面向 SELEX 适配体的环路结构家族分类——按环路区域而非全长序列分组。多结构次优折叠 + 弱螺旋融合,使茎区不同但环路结构一致的适配体落入同一家族。

v0.9.4 · Built on AptaFold + Aptamer Analysis · Loop families still under wet-lab validation — treat output as a structure-aware shortlist.

/ Introduction · 介绍

What it does.这个工具能做什么。

Conventional clustering of post-SELEX sequence pools matches aptamers by full-length string similarity — which conflates "same fold, different stem" cases. This pipeline switches the comparison to the loop region after weak-helix dissolution: every sequence is folded into up to 25 suboptimal structures, the loops are extracted from each structure, and helices with ≤ 3 bp are dissolved so flanking loops merge. The merged loops are then grouped by a purpose-built, from-scratch conserved-motif classifiernot a reuse of the Aptamer Analysis Tool's k-mer / DBSCAN engine. Instead of measuring whole-loop string distance (which dilutes a short conserved core inside a long variable loop), it discovers the conserved blocks a loop carries and groups loops that share the same block combination. There is no N×N distance matrix, so the classifier has no corpus-size ceiling and runs in seconds on a full pool.

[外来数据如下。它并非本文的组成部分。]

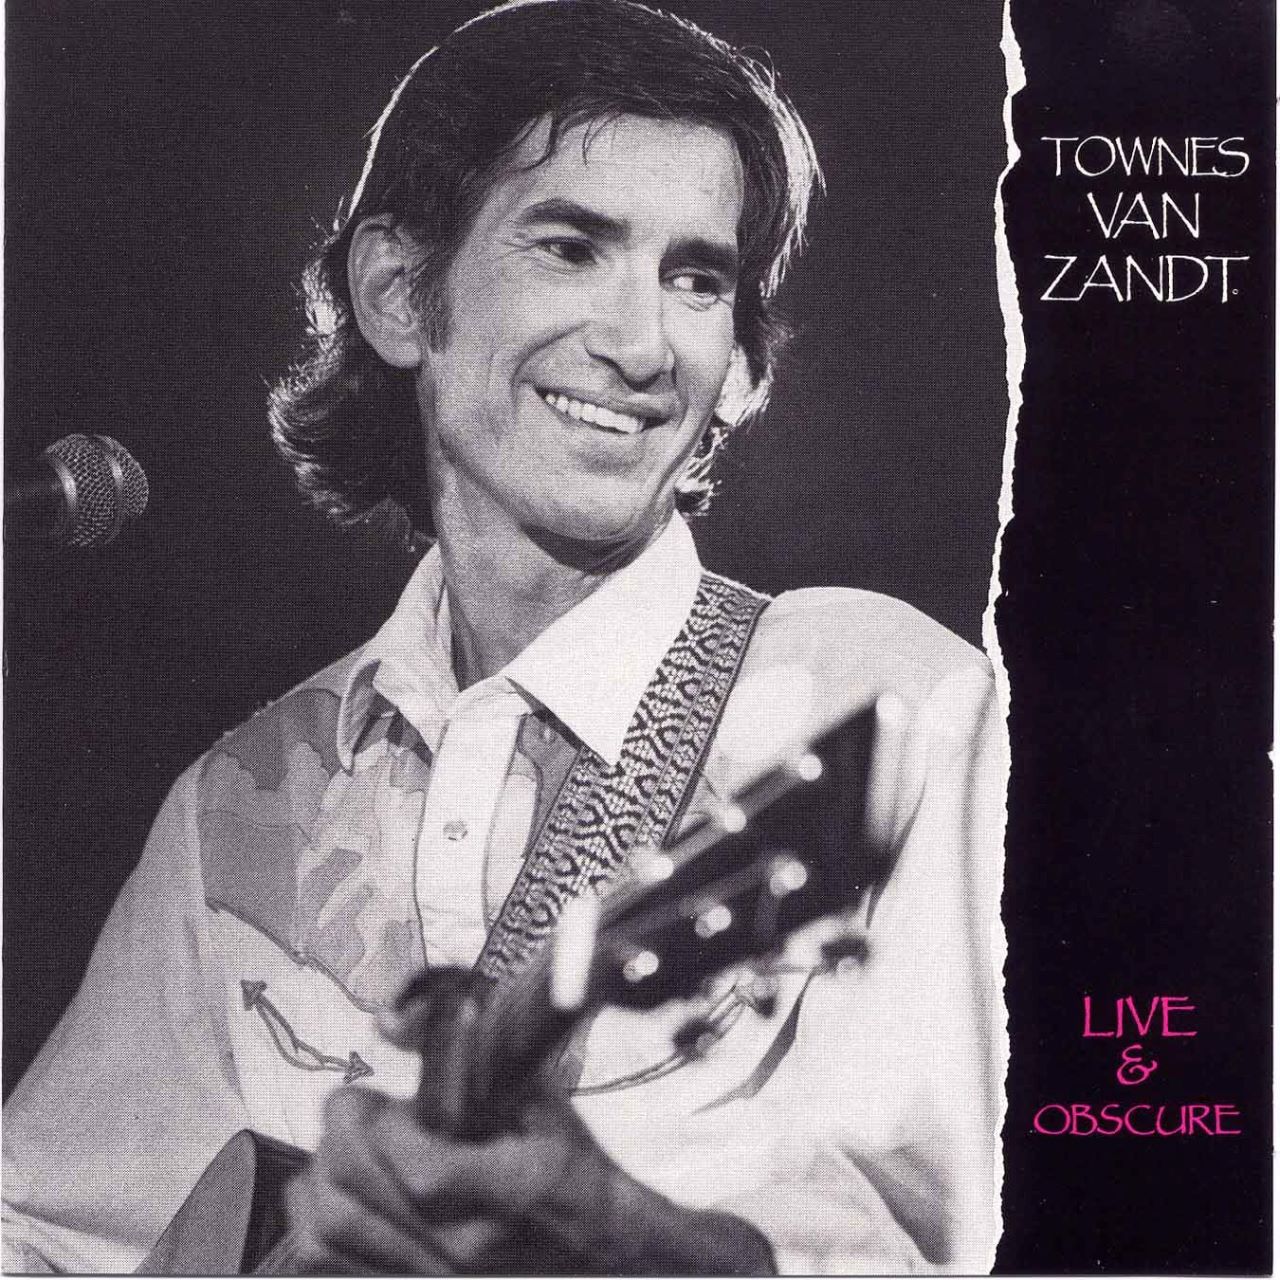 Townes Van Zandt - Live & Obscure cover album

传统 SELEX 后聚类按全长序列相似度匹配适配体——会把"折叠相同、茎区不同"的情况混淆。本流水线将比较对象切换为弱螺旋融合后的环路区域:每条序列产生最多 25 个次优结构,从每个结构中提取环路,≤ 3 bp 的弱螺旋被融合使相邻环路合并。随后用一套完全自主重写的保守 motif 分类引擎对融合后的环路分组——并非复用 Aptamer Analysis Tool 的 k-mer / DBSCAN。它不再测量整条环路的字符串距离(那样会让长可变环路里一小段保守核心被稀释),而是发现每条环路携带的保守区块(block),把拥有相同区块组合的环路归为一族。整个过程没有 N×N 距离矩阵,因此不受语料规模上限限制,全库分类只需数秒。

/ Pipeline · 流水线

15 000 trimmed sequences
        │
        ▼  Fold  —  reuses AptaFold's seqfold / ViennaRNA suboptimals
   02_fold_predictions.csv
        │
        ▼  Loop extraction  (self-written)
   03_raw_loops.csv           dot-bracket → pair table → loops
   04_merged_loops_bp3.csv    weak-helix dissolution (≤ 3 bp)
   05_loop_map_bp3.csv        loop ↔ (seq, fold, span, ΔG)
   06_loop_corpus_bp3.fasta   de-duped loop strings + recurrence
        │
        ▼  Motif-block classifier  (self-written — the core engine)
   ·  mine enriched k-mer cores → grow consensus blocks
   ·  family = the block COMBINATION a loop carries
   ·  strict full-consensus membership; no N×N matrix
        │
        ▼  Assign + post-process  (self-written)
   ·  dual-anchor merge   — fuse families sharing a 5′ AND 3′ framework
   ·  ungrouped rescue    — recover high-read near-identical winners
   07_aptamer_family_bp3.csv        per-aptamer family
   08_family_representatives_bp3.csv  picks for validation

/ Usage · 使用方式

How to use it.使用流程。

The whole pipeline is wrapped in one desktop GUI (启动GUI.bat on Windows). Folding is launched as a separate subprocess so the GUI stays responsive throughout.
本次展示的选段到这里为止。